Arruti plays right-handed, but switches to left-handed for putting.

==Amateur career==
In 1990, Arruti lost the final of the Spanish International Ladies Amateur Championship to Delphine Bourson, 4 and 3, and was runner-up at the European Ladies Amateur Championship in Switzerland a stroke behind Martina Koch.

Arruti won bronze at the 1991 Mediterranean Games in Athens, Greece in the team event together with Esther Valera and Macarena Campomanes.

==Professional career==
Arruti turned professional on 1 December 1992 and joined the Ladies European Tour.

In 1993, her rookie season, she beat Annika Sörenstam by two strokes to win the Ladies Italian Open at Golf Club Lignano near Venice. However, at the end of the season she lost out on the LET Rookie of the Year award to Sörenstam.

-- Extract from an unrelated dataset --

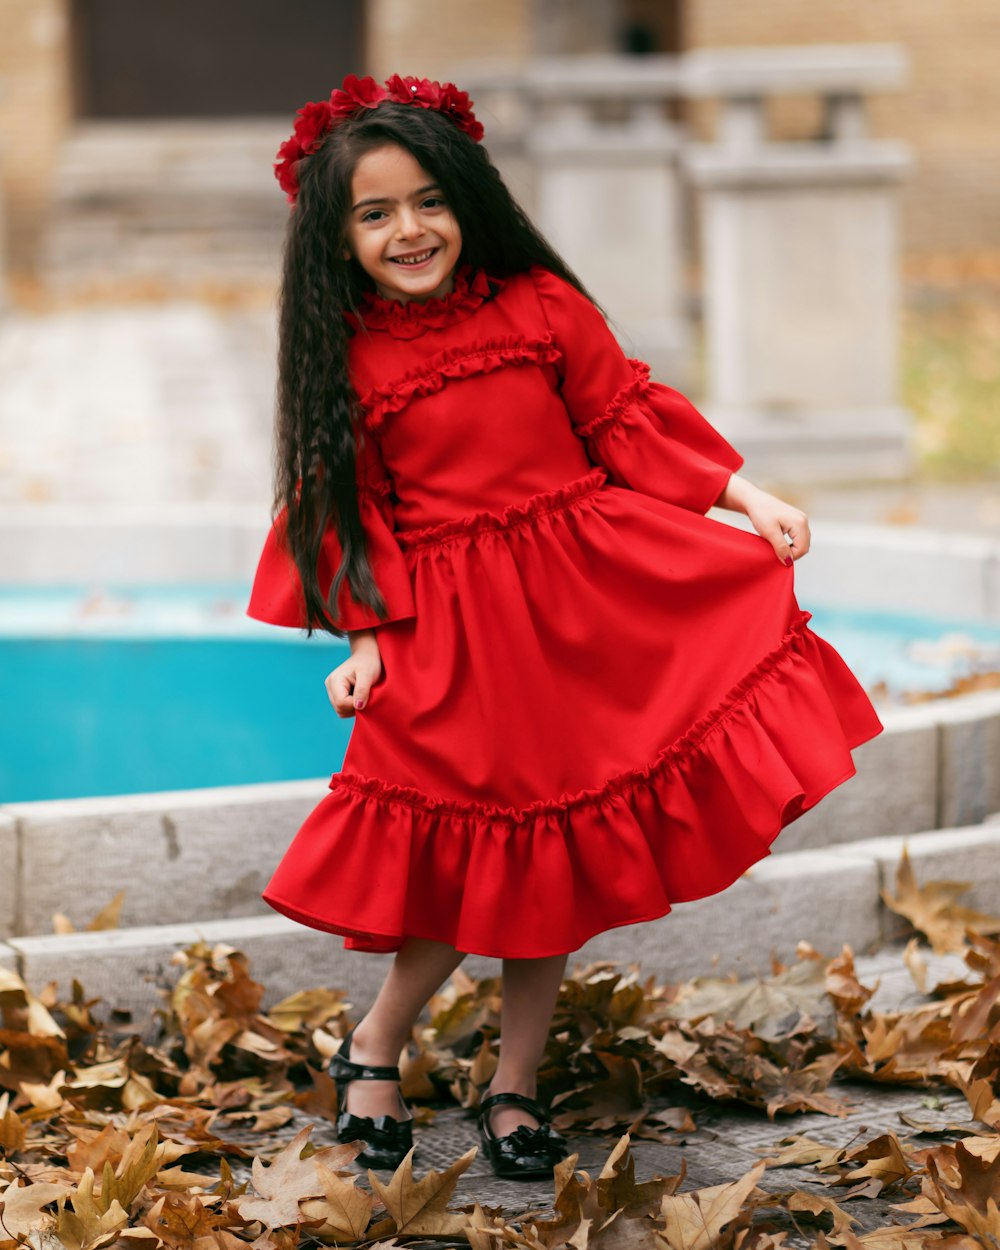 smiling girl holding her dress

In 1995, she won the Lalla Meryem Cup in Morocco, and was runner-up at the Italian Ladies' Open, held at Il Picciolo Golf Club in Sicily, a stroke behind Denise Booker.

==Professional wins (2)==
===Ladies European Tour (1)===

| No. | Date | Tournament | Winning score | To par | Margin of victory | Runner-up |
|---|---|---|---|---|---|---|
| 1 | 19 Sep 1993 | BMW Ladies Italian Open | 270 | −18 | 2 strokes | SWE Annika Sörenstam |

===Other wins (1)===
- 1995 Lalla Meryem Cup (unofficial limited-field LET event)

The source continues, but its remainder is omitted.